### Information shown:
"""

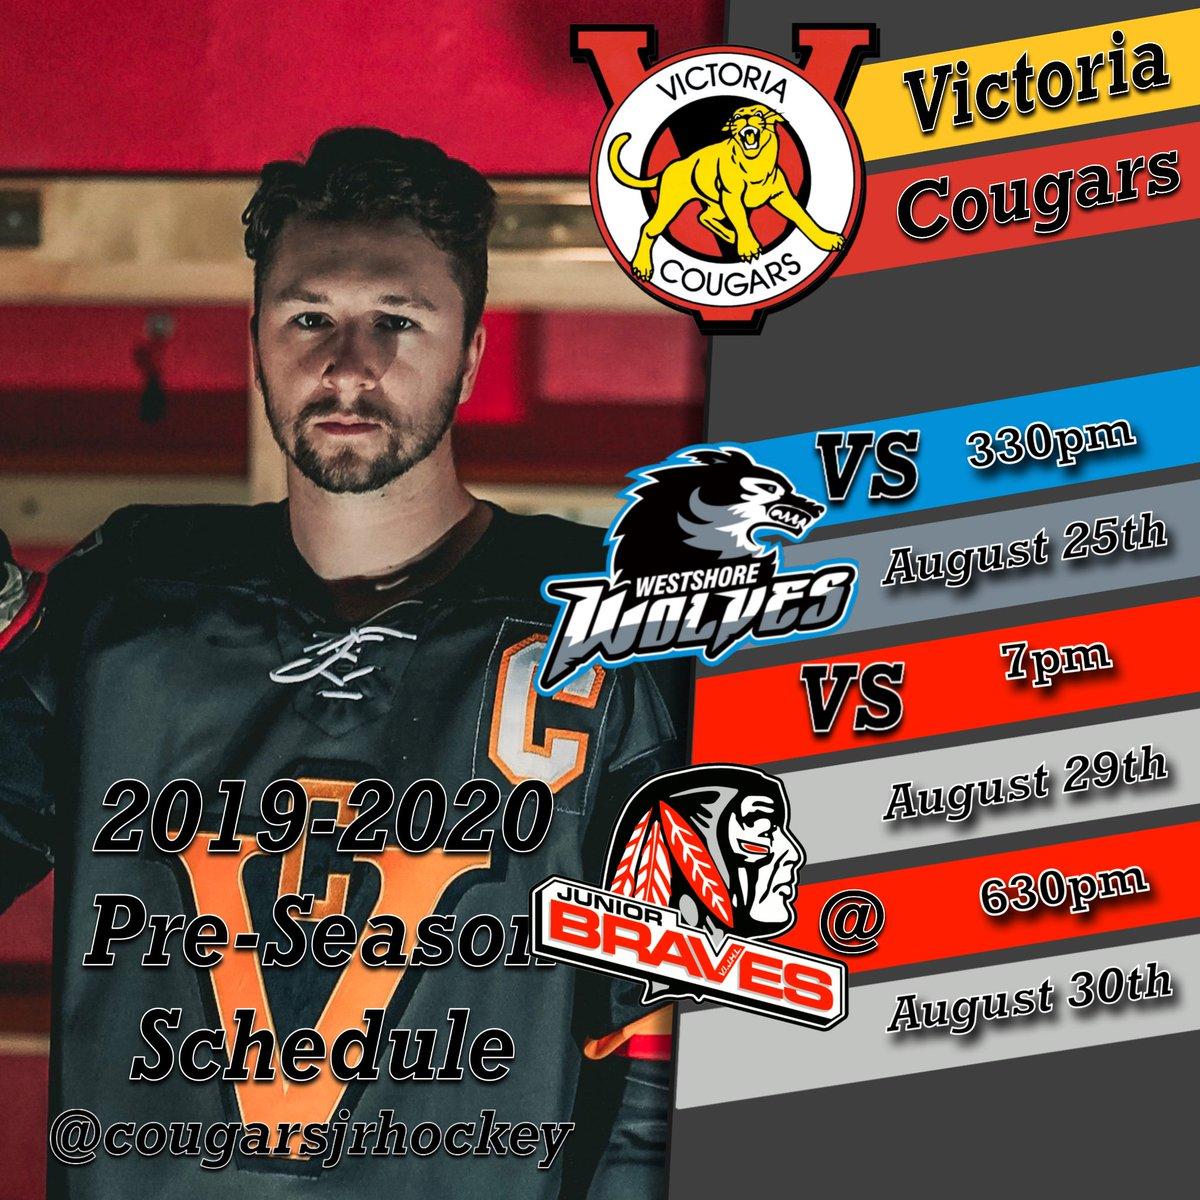 CougarsJrHockey photo
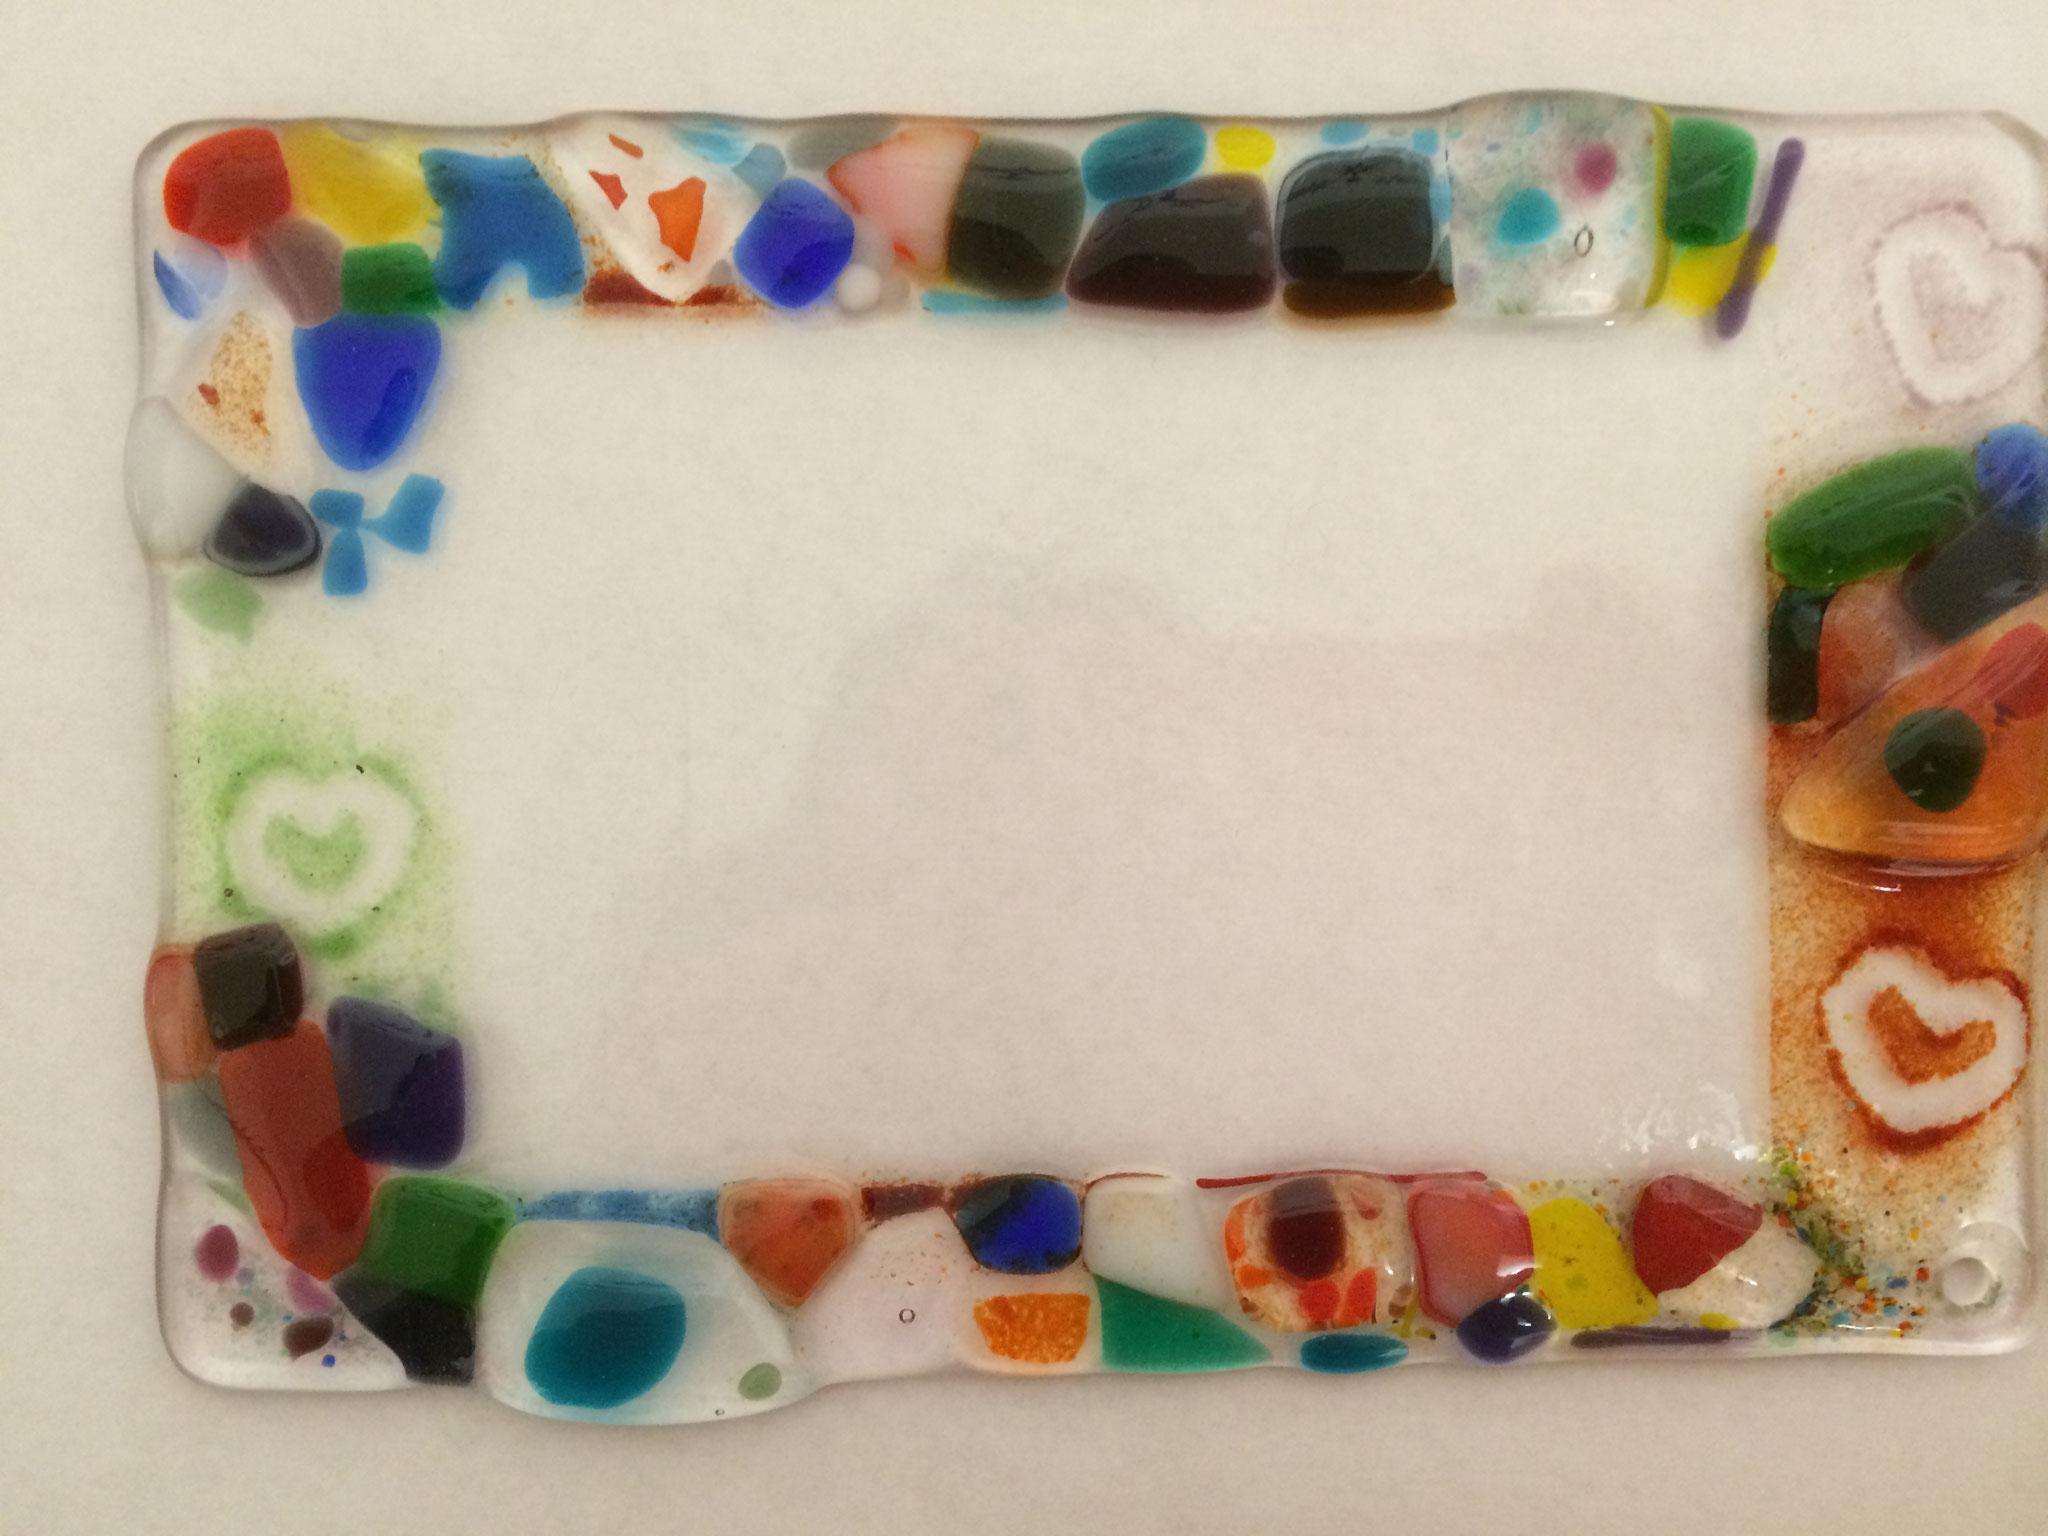 Farbenfrohes Beispiel für einen Glas- Bilderrahmen,
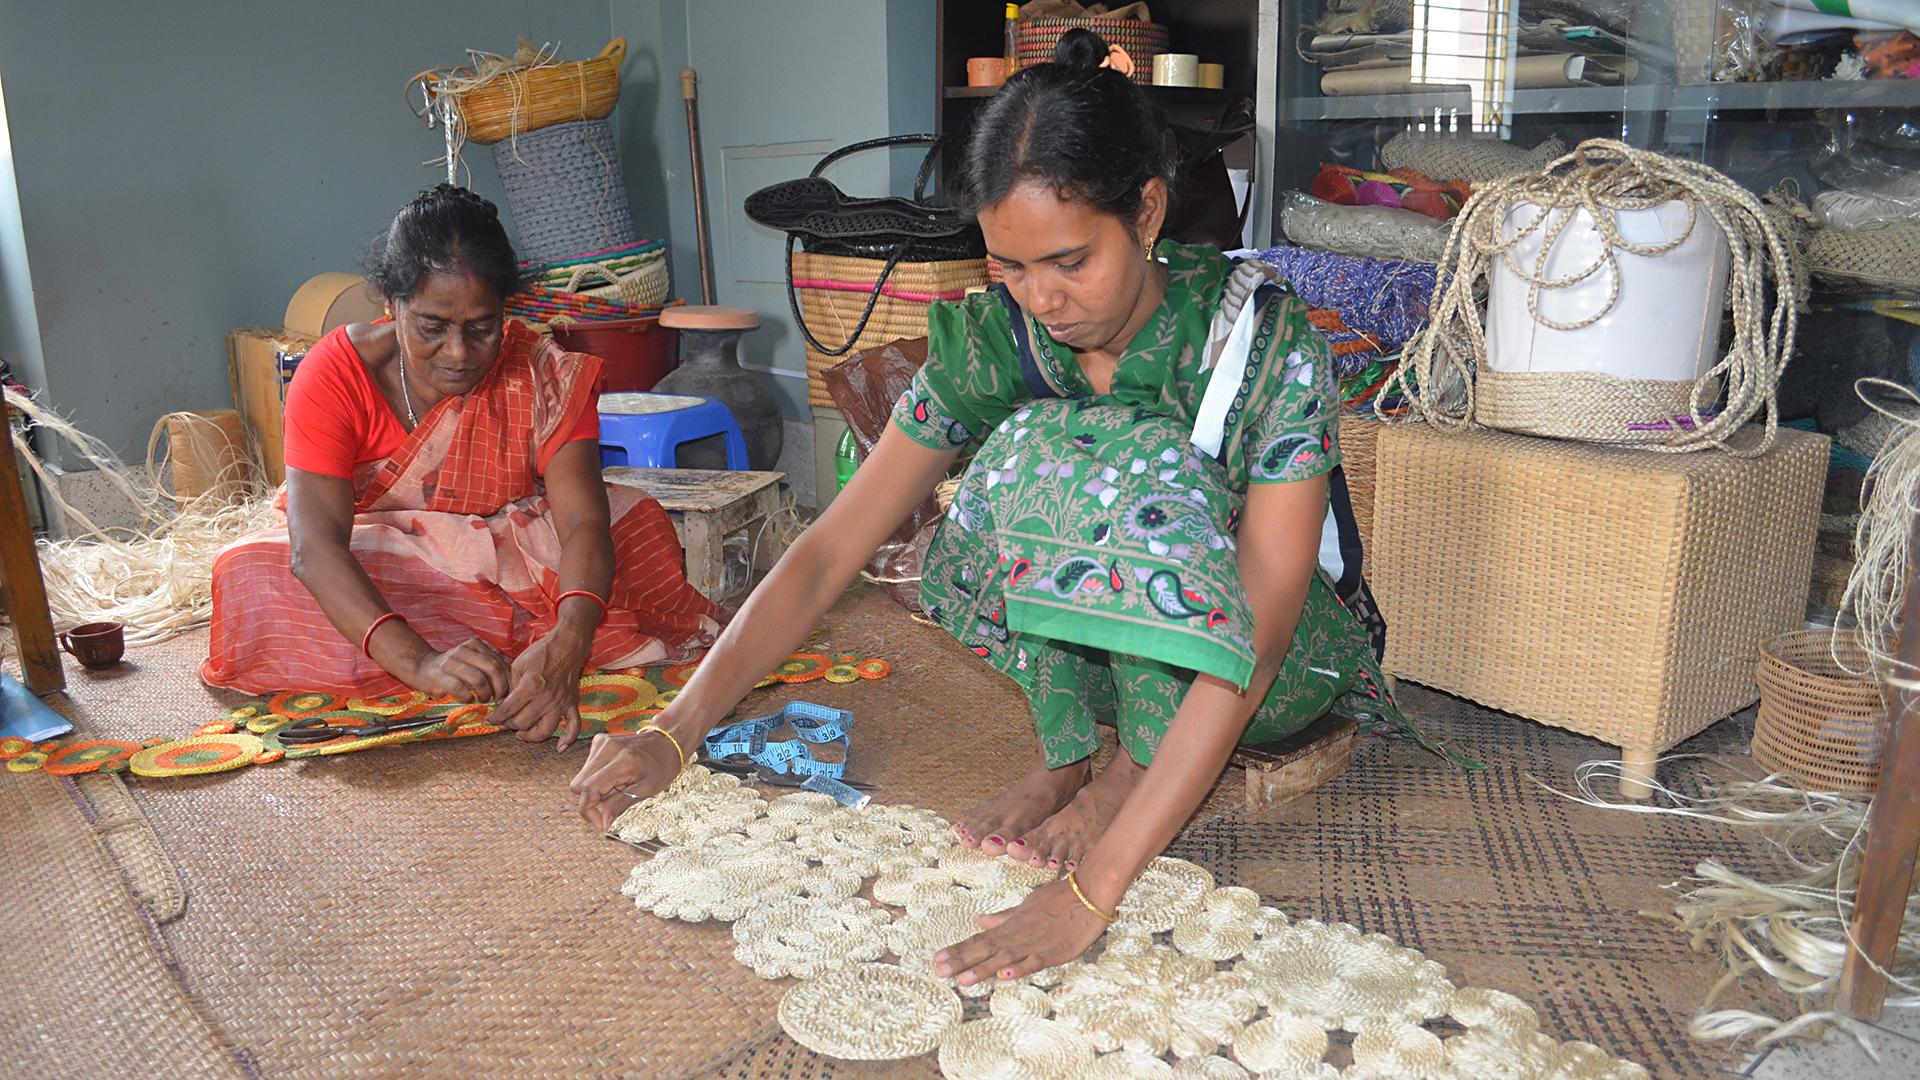 Langfristige Handelsbeziehungen sind für unsere Handwerkspartner besonders wichtig: Mit CORR -The Jute Works aus Bangladesch arbeiten wir schon seit 1978 zusammen. Angefangen hat es mit der kultigen Jutetasche – heute beziehen wir unsere handgefertigten Teppiche und Körbe aus Jute von diesem Partner.
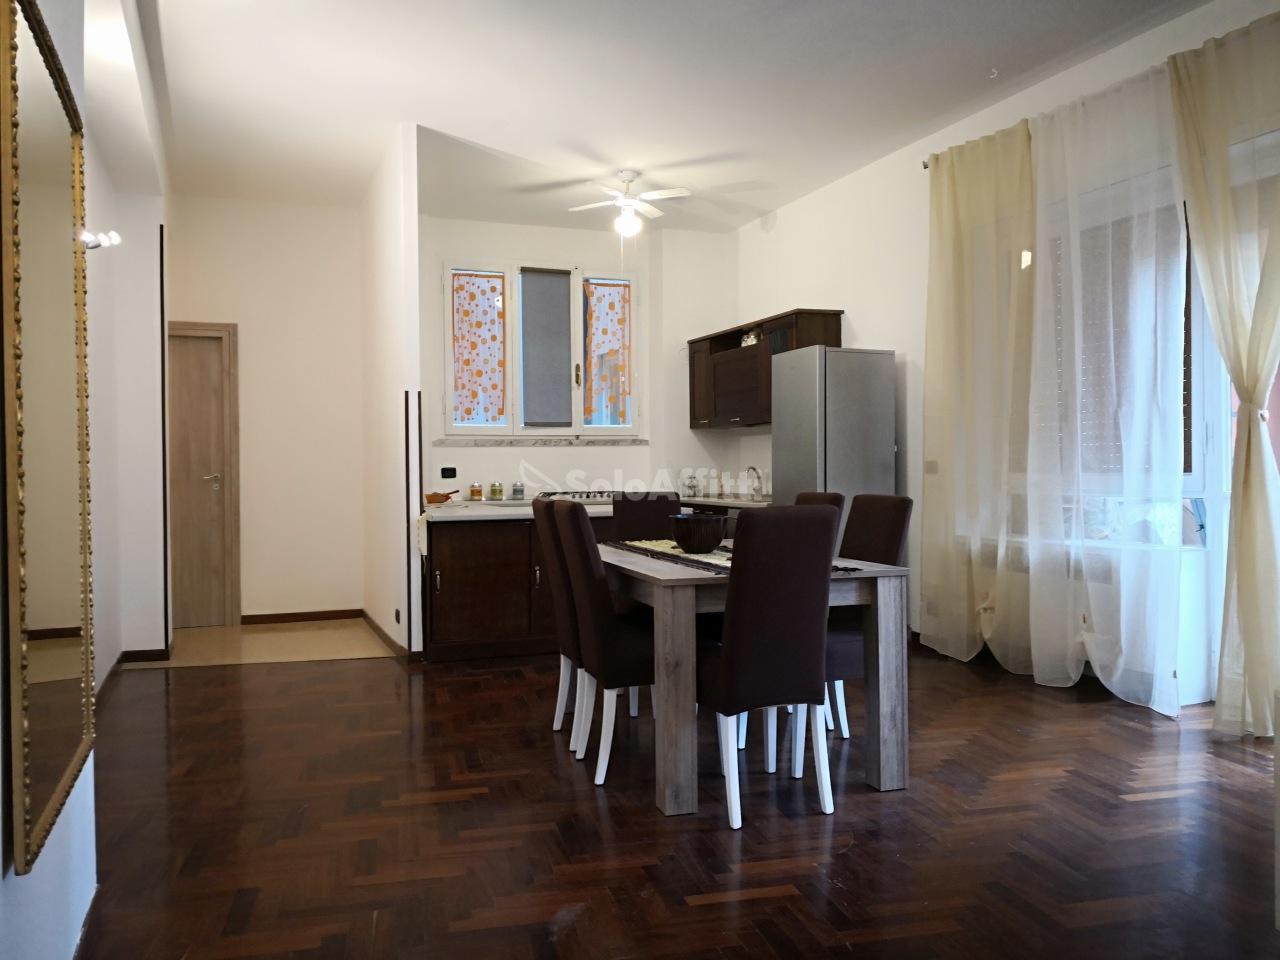 Appartamento - Quadrilocale a Centro Storico, Terni

"""

### Required work:
Copy out all the data above exactly, pictures excluded.

### Answer to this problem:
 CougarsJrHockey photo
 Farbenfrohes Beispiel für einen Glas- Bilderrahmen,
 Langfristige Handelsbeziehungen sind für unsere Handwerkspartner besonders wichtig: Mit CORR -The Jute Works aus Bangladesch arbeiten wir schon seit 1978 zusammen. Angefangen hat es mit der kultigen Jutetasche – heute beziehen wir unsere handgefertigten Teppiche und Körbe aus Jute von diesem Partner.
 Appartamento - Quadrilocale a Centro Storico, Terni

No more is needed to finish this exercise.